El juez del caso Gürtel, José de la Mata, ordenó ayer jueves la entrada y registro en la sede del Banco Popular en A Coruña para acceder a una cuenta de la empresa Belfast Link en el Banco Pastor con la que se relaciona a Amando Mayo, uno de los presuntos testaferros de la trama Gürtel.

El magistrado ha actuado a petición de las fiscales del caso, Concha Sabadell y Concha Nicolás, ambas de la Fiscalía Anticorrupción, para que se investigaran estos depósitos y se pidiera al Popular información sobre los emisores y destinatarios del dinero transferido (sin pagar impuestos en España) por las compañías Belfast Link y EVES, de origen uruguayo, movimientos que alcanzaron una suma total de 458 millones de euros, según han informado las agencias.

El juez ha ordenado el registro ante la falta de colaboración del Banco Popular, que preside Ángel Ron.

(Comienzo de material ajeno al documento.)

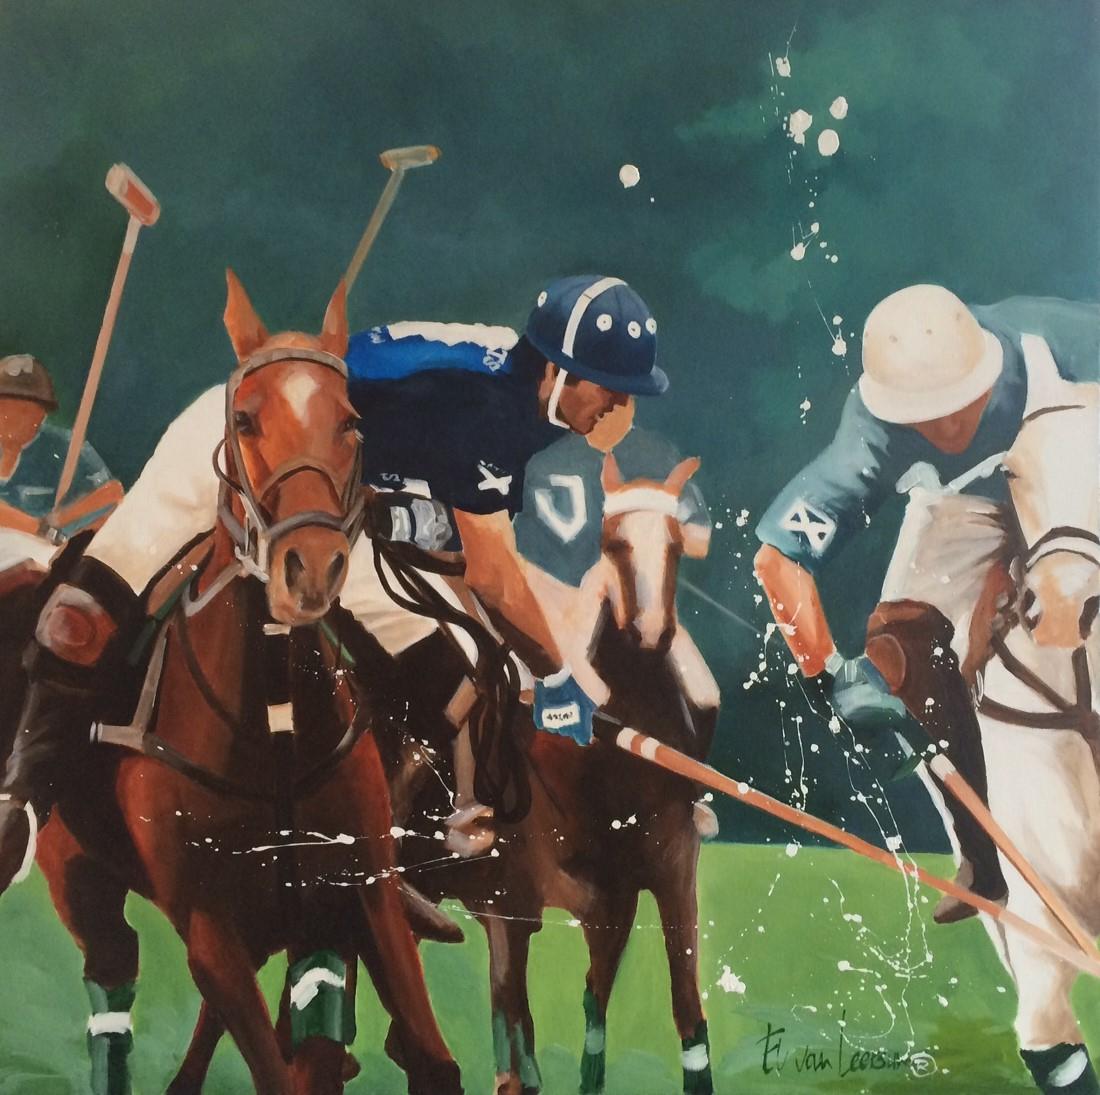 Origineel El van Leersum Polo schilderij 100x100

No obstante, fuentes de la entidad han asegurado a Europa Press que el Banco Popular y el Pastor han colaborado siempre y seguirán haciéndolo en cualquier investigación iniciada por las autoridades competentes y aportarán “cuantos datos les sean requeridos siempre que los tengan en su poder”.

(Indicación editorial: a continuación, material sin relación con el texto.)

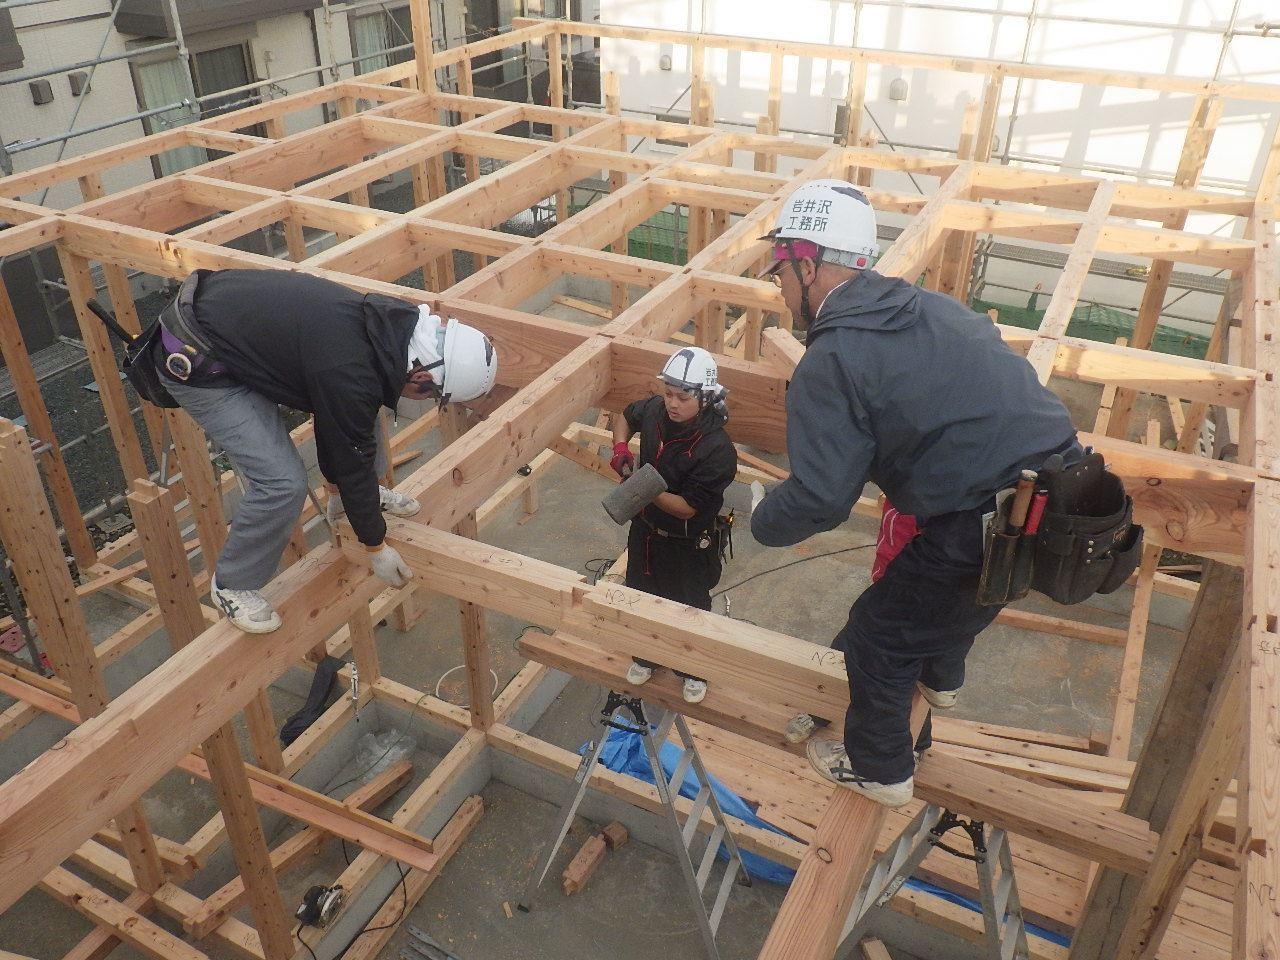 下太田 古材新築の家 建て方作業スタート!_f0105112_04425578.jpg

La Oficina Nacional de Investigación del Fraude (ONIF) de la Agencia Tributaria, según recuerda el diario InfoLibre, detectó en marzo de 2013 que una de las empresas de la trama Gürtel, Zorak Associated, había realizado dos transferencias de 100.000 euros cada una al exterior desde una de las cuentas que tenía la empresa uruguaya Belfast Link en una sucursal gallega del Banco Pastor, absorbido por el Banco Popular. La ONIF tiró del hilo y detectó la existencia de otras cinco cuentas similares. Desde esas seis cuentas corrientes se habían transferido en nueve años al exterior 458 millones de euros.

Tal y como informa la Agencia Tributaria, importantes cantidades de este dinero acabaron en sociedades constituidas en Panamá y otros paraísos fiscales. El funcionario de Hacienda que elaboró el informe sostiene que muchos de los destinatarios del dinero, “únicamente identificados por su nombre”, reciben gran cantidad de transferencias por importes elevados, “y según la información disponible en la web son sociedades con residencia en Panamá”. infoLibre ha comprobado que otras firmas que se benefician del envío de dinero están inscritas en las Islas Caimán y en las Bahamas.

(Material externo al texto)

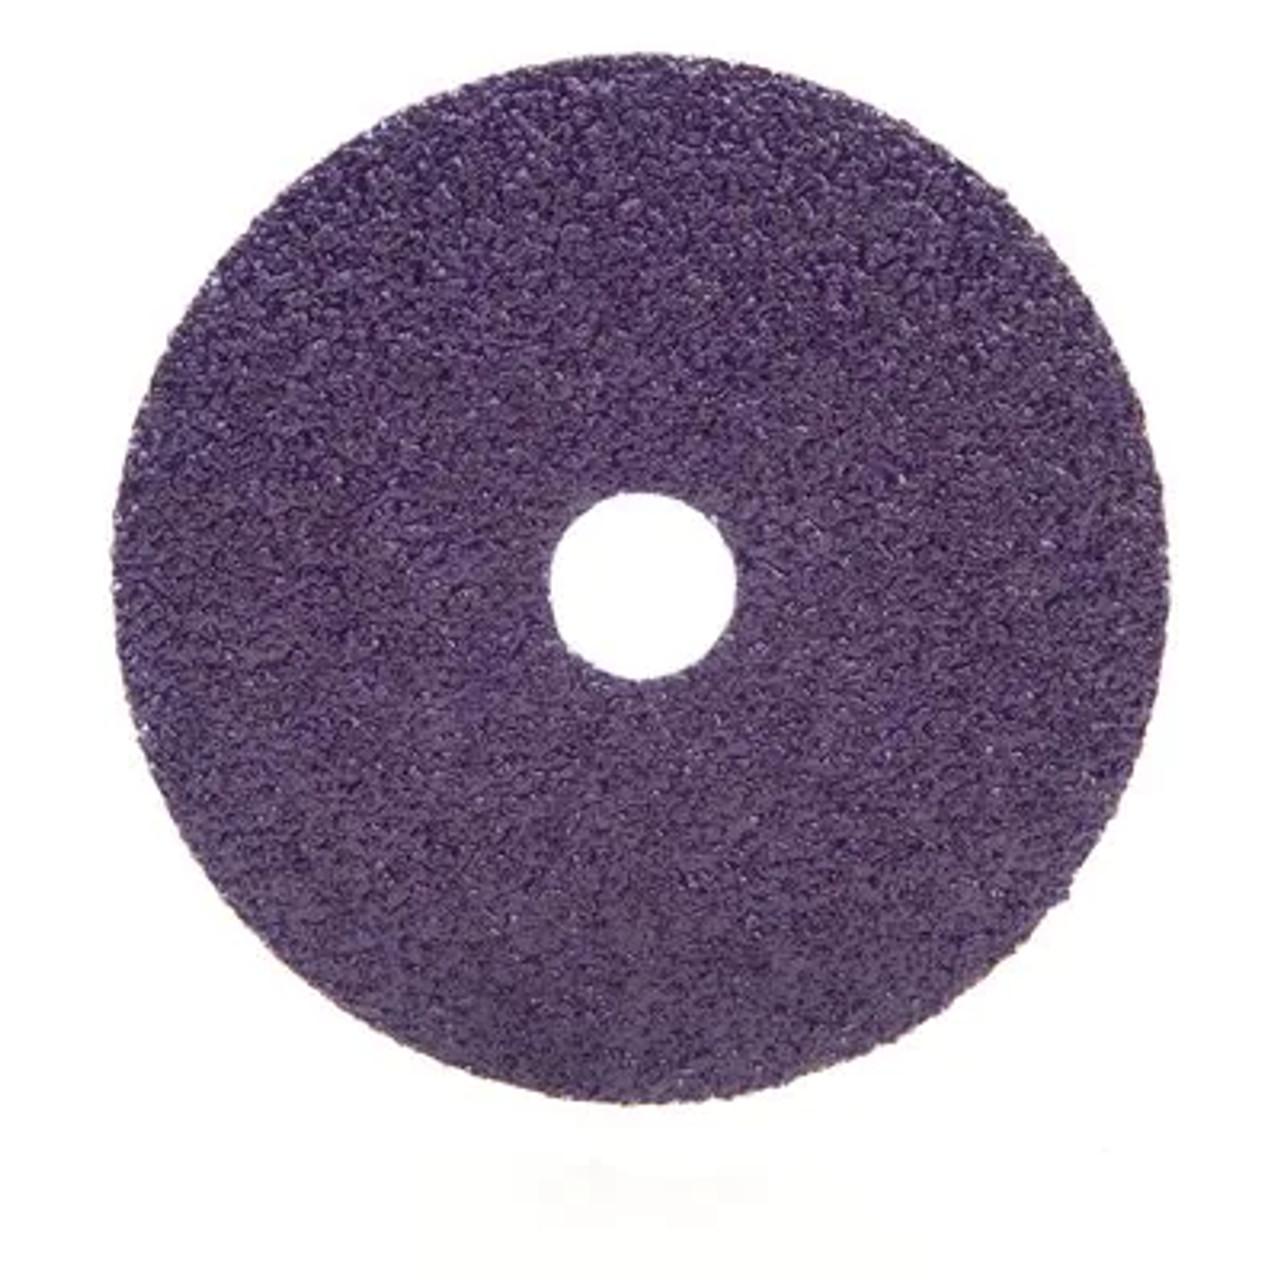 3M™ Cubitron™ II Abrasive Fibre Disc, 33413, 5 in x 7/8 in (125mm x 22mm), 36+

El desvío de 458 millones a paraísos fiscales se conoce, por tanto, desde el año 2013, pero la trama comenzó a operar en la entidad gallega mucho antes, en 2008, según un informe enviado por las autoridades suizas a la Audiencia Nacional citado por el diario La Voz de Galicia. La pista la dieron las transferencias que a una de ellas hizo desde Suiza uno de los imputados en la trama de corrupción, el empresario zaragozano Amando Mayo Rebollo, al que apuntan como supuesto gestor de algunas constructoras que trabajaban, presuntamente, para Francisco Correa. En 2013, los funcionarios de Hacienda alertaron por primera vez al juez Pablo Ruz de que los supuestos propietarios de estas cuentas no habían tributado ni un solo euro por este dinero y que tanto Belfast Link como EVES podrían estar tratando de ocultar el lavado de dinero negro, en sumas de gran importancia.